Written, directed by and co-starring Albert Dupontel in his most ambitious project yet, the film features a handful of jaw-dropping moments — such as an excruciating battle across no man’s land — held together by a strong cast, including BPM (Beats Per Minute) star Nahuel Perez Biscayart as a disfigured artist hidden behind an array of exquisitely ornamental masks. But condensing nearly 600 pages of story into a two-hour movie proves increasingly difficult as too many plot points take away from all the visual splendor, while the characters hardly have time to be drawn out.
If such weaknesses temper the movie, especially in its second half, Dupontel (9-Month Stretch) still manages to deliver a rare object in contemporary French cinema: a commercial film that mixes high craft, surrealist humor and extremely dark themes — of trauma, death, corruption and manipulation — in ways that hold together rather well. Both the setting and tone recall Jean-Pierre Jeunet’s A Very Long Engagement, which was a hit at the French box office and grossed $70 million outside of France. Whether such elements will translate to similar numbers here is uncertain, but in terms of pure cinematic prowess See You Up There deserves praise.
Dupontel narrates and stars as Albert Maillard, a lowly soldier who’s caught in the trenches as World War I comes to a murderous end in November 1918. Just before that happens, Maillard and his fellow French army grunt Edouard Pericourt (Perez Biscayart) are sent by their sadistic captain, Pradelle (Laurent Lafitte), on one last sortie over the wall and onto the battlefield. The result — in a long sequence of nonstop pyrotechnics and skillfully staged action — is an absolute bloodbath, with Maillard nearly buried alive by debris and Pericourt’s face blown half off by mortar fire.

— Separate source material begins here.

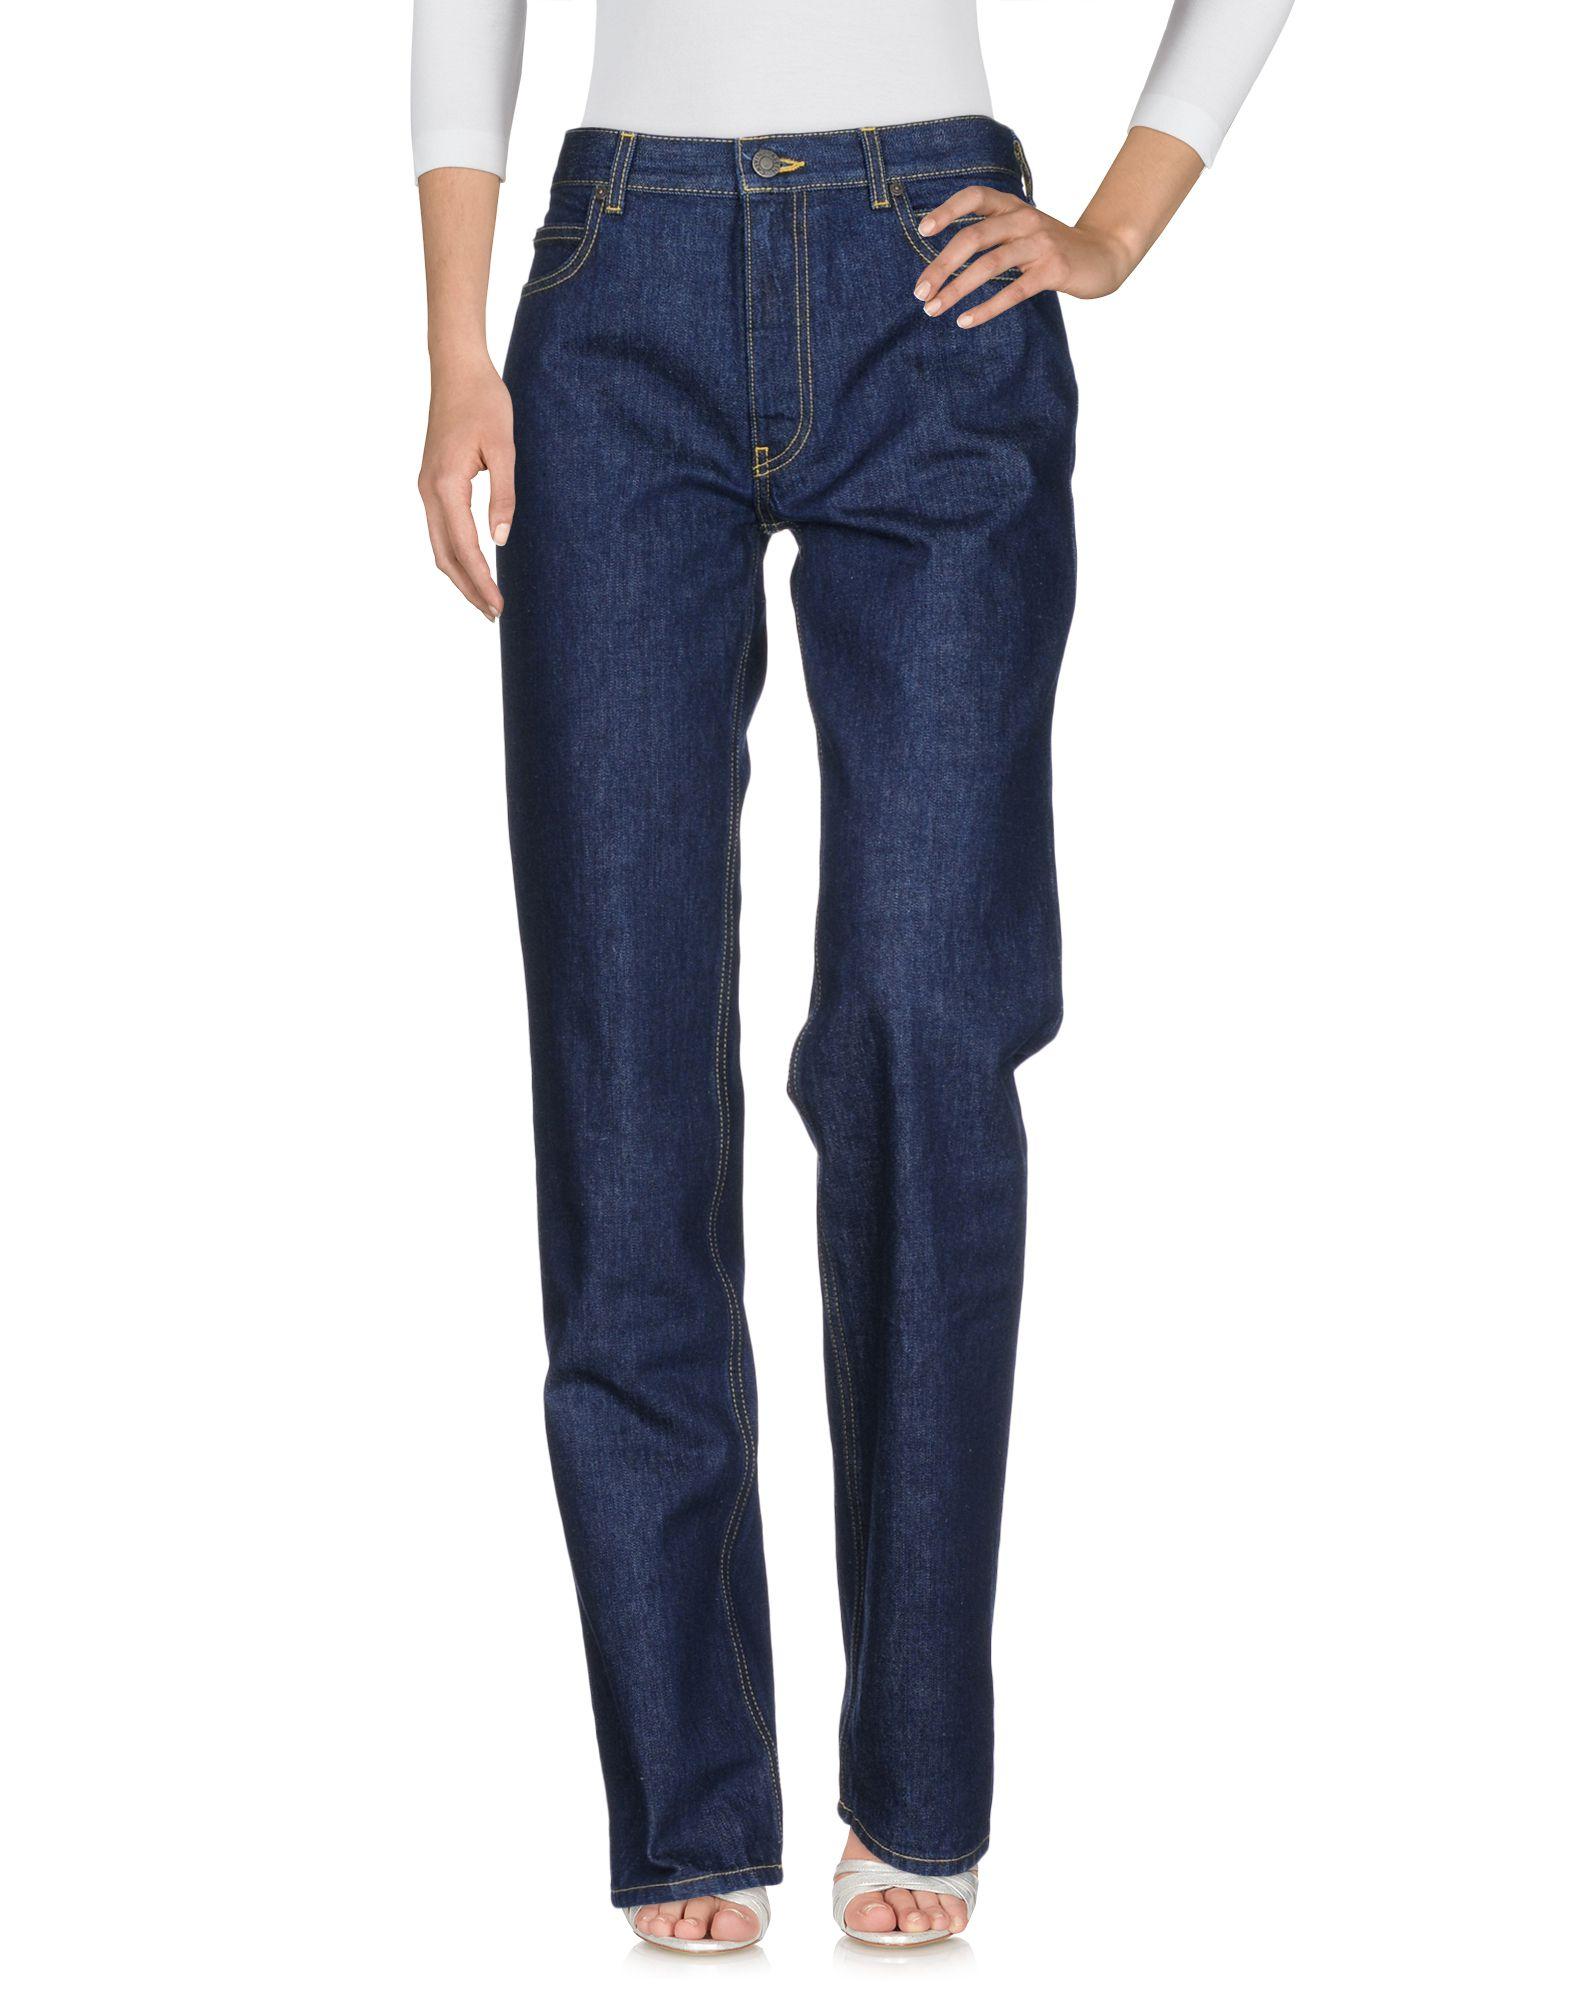 Pantaloni Jeans Calvin Klein Jeans Donna - Acquista online su bHNYlt2T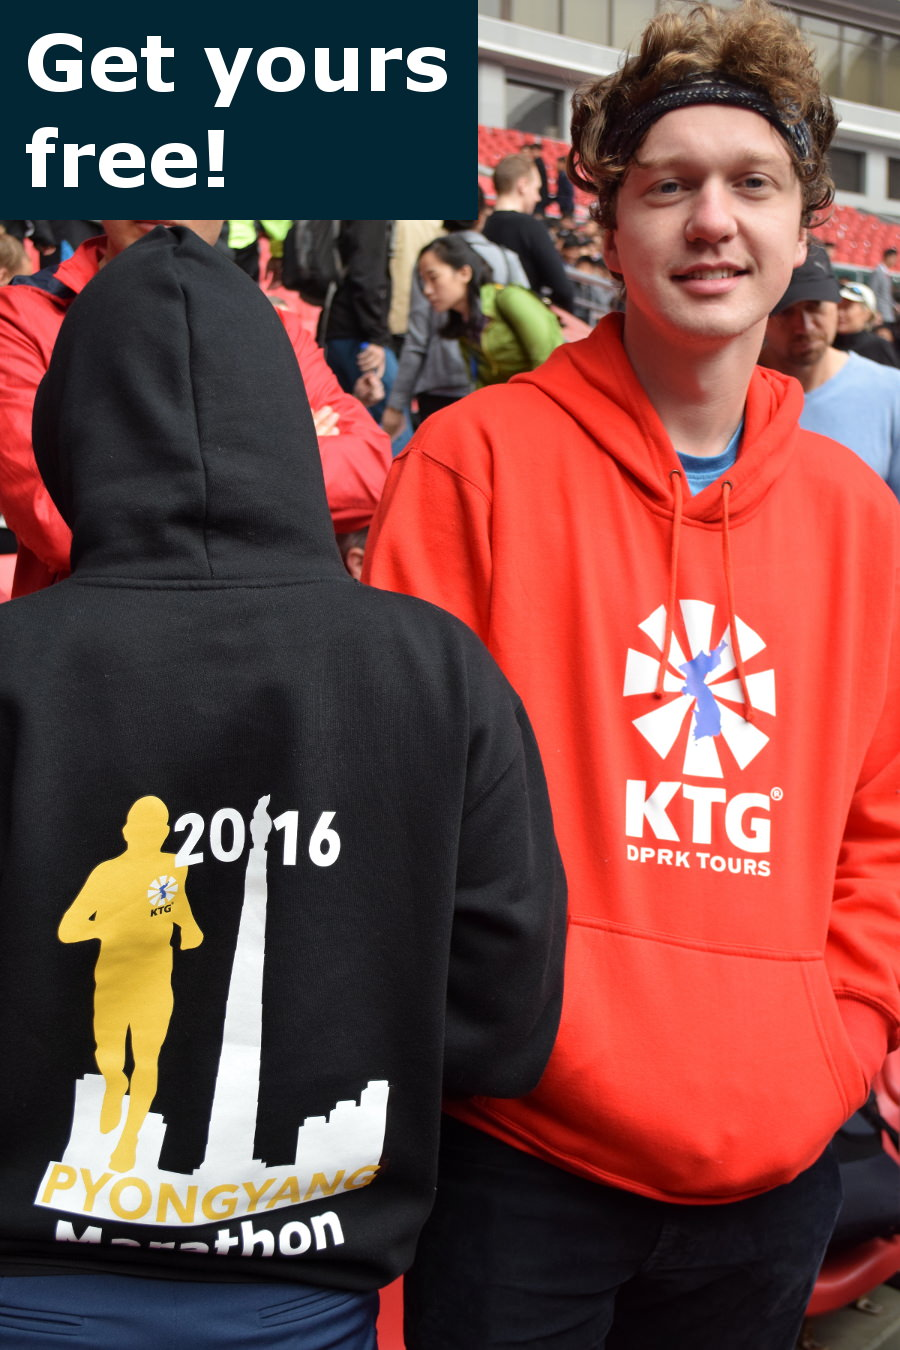 Get a free Pyongyang Marathon hoody designed by KTG

The two friends nonetheless stick together, and will do so for the remainder of the movie, as Maillard spends months by his wounded buddy’s bedside, administering morphine shots and learning about the latter’s life. Far from a common man, Pericourt is in fact a talented artist who has never found grace in the eyes of his father, Marcel (Niels Arestrup, as imposing as ever), a powerful Paris banker. Now that he’s gravely wounded, Pericourt prefers to play dead, switching identities with a corpse and living behind elaborate masks that he designs from his bohemian hovel.
Dupontel’s script, which was written with the help of author Lemaitre, does a decent job condensing the narrative early on, allowing the director several flights of fancy as he covers the aftermath of the conflict and its effect on the three leads — the third being Pradelle, who we follow on his plunge into postwar profiteering. As DP Vincent Matthias’ camera (shooting on HD but graded to look like old Autochrome images from the 1920s) hovers above mud-filled combat zones and cemeteries or soars through windows into Pierre Queffelean’s ornate sets, we track the characters like mice scuttling through the labyrinth of a land still reeling from battle.
While Maillard tries to earn an honest living doing odd jobs around Paris, the opium-addled Pericourt only wants to wreak havoc, and does so by hatching a scheme to sell phony monuments to French towns looking to honor the dead. He also participates in a WWI memorial contest held by his estranged father, who has unwillingly bankrolled another racket by Pradelle — now married to Pericourt’s sister, Madeleine (Emilie Dequenne) — involving low-rent mass graves for those killed in action.
There’s so much scheming going on, in fact, that the plot becomes too convoluted in its latter stages, making it hard to digest the number of coincidences tying everything together. Perhaps all the twists and turns worked in Lemaitre’s expansive novel, but here they arrive too fast for us to fathom, while the narrative jumps so much from one person to the next that you never have enough time know any of them very well.
Still, Dupontel has chosen a formidable cast that somewhat compensates for the lack of strong characterization: Lafitte is most memorable as a man who’s even more devilshly debonair than the rapist he played in Elle, while Argentine actor Perez Biscayart is terrific as a mutilated artist hiding behind disguises that reflect his constantly shifting moods.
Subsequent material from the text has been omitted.